Use: Learn more about Holy Cross.

Use Plain Language

Write short sentences and use familiar words. Avoid jargon and slang. If you need to use an abbreviation or acronym that people may not understand, explain what it means on first reference.

Use Alt Text

The alt tag (alternative text) is the most basic form of image description, and it should be included on all images. The language should describe the image.

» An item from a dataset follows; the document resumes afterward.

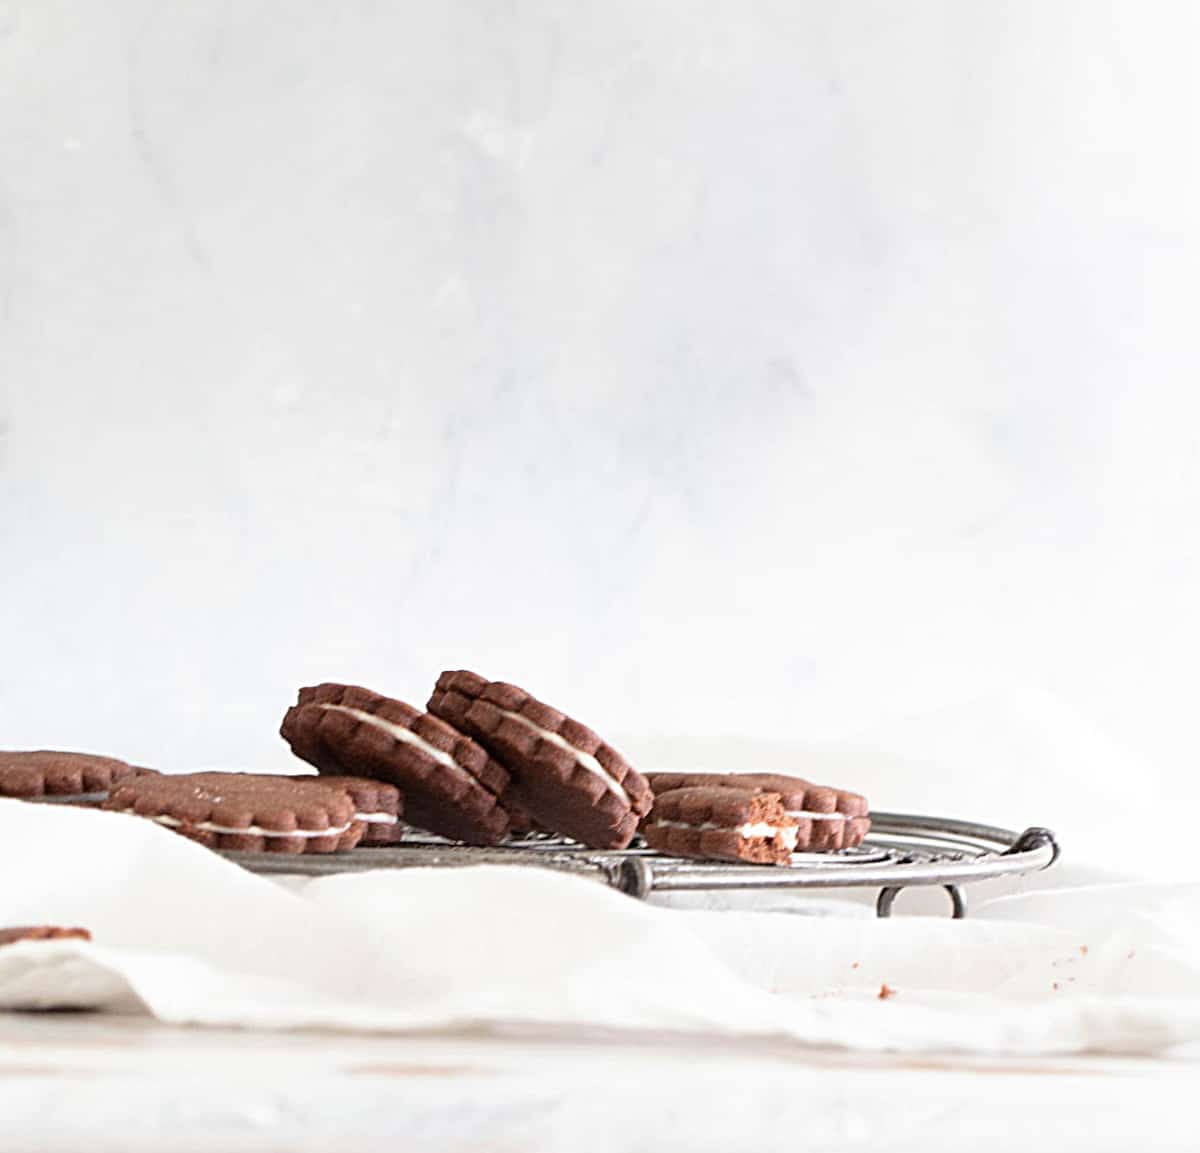 Several chocolate sandwich cookies on metal wire rack, white background

Be Mindful of Visual Elements

  • Avoid conveying text as or within images uploaded to the site
  • Provide text transcripts or captions for videos and audio files
  • Avoid referencing colors with web pages or navigation, e.g., asking visitors to choose a link in the purple area of the page

General Guidelines

Page Content

  • Use the Holy Cross Writing Guidelines to ensure uniformity in Holy Cross’ branding.
  • Never use acronyms or initialisms.
  • Never use ALL CAPS even on calls to action.
  • Never underline any copy. Underlined copy denotes a hyperlink.
  • Never change font colors or sizes that are not already specified within Drupal (under Styles in the body field).
  • Use “H2” or “H3” sub-heading styles in your copy.
  • Links to attachments should denote the file name at the end. Example:
    • View the full list of attendees (PDF)
  • Keep your content short, concise, and easily scannable (e.g. short paragraphs, bulleted lists, heading styles). Paragraphs should be no more than five lines long on the screen.
  • If you are copying content from another location (such as from Word or an email), paste it using the Paste from Word tool in Drupal. Alternatively, you can copy it out of Word or email into Notepad before pasting it into Drupal. This prevents formatting errors in Drupal.
  • Paragraphs should be left-justified.
  • Do not rely on bold, italics, or underlines to bring attention to important information; your content should not be too dense to locate important information.
  • Keep verb tense consistent; use an active voice.
  • If you are no longer using a page, ask us to archive or delete it; search engines can still crawl and find “orphan” pages.

Photos and Images

  • Add "Alt Text" for every single image in Drupal. Alt Text is a brief description of the image (less than 60 characters).
  • Never upload an image that has text in it. For example, never post an image of a flier because text in an image cannot be read by search engines or screen readers. Instead, re-key the content from the flier into a web page.
  • Never use logos on the site, including those created by other on-campus constituencies.

URLs

  • Never change the URL of a page. If you must, check with College Marketing and Communications.
  • If you need to create a new page or remove a page, check with College Marketing and Communications.

Links

  • Avoid directional instructions such as “click on the menu to the left” or “see above” or “click here.” All links should be descriptive.
  • Calls to action should be action oriented. Examples:
    • Register online »
  • Hyperlink to websites; do not include a full URL directly on the page.
  • When linking to an external website (i.e., those that link to any site off holycross.edu, including Google registration pages) make the link open in a “new window”

Information from the Mailchip Content Style Guide was repurposed on this page.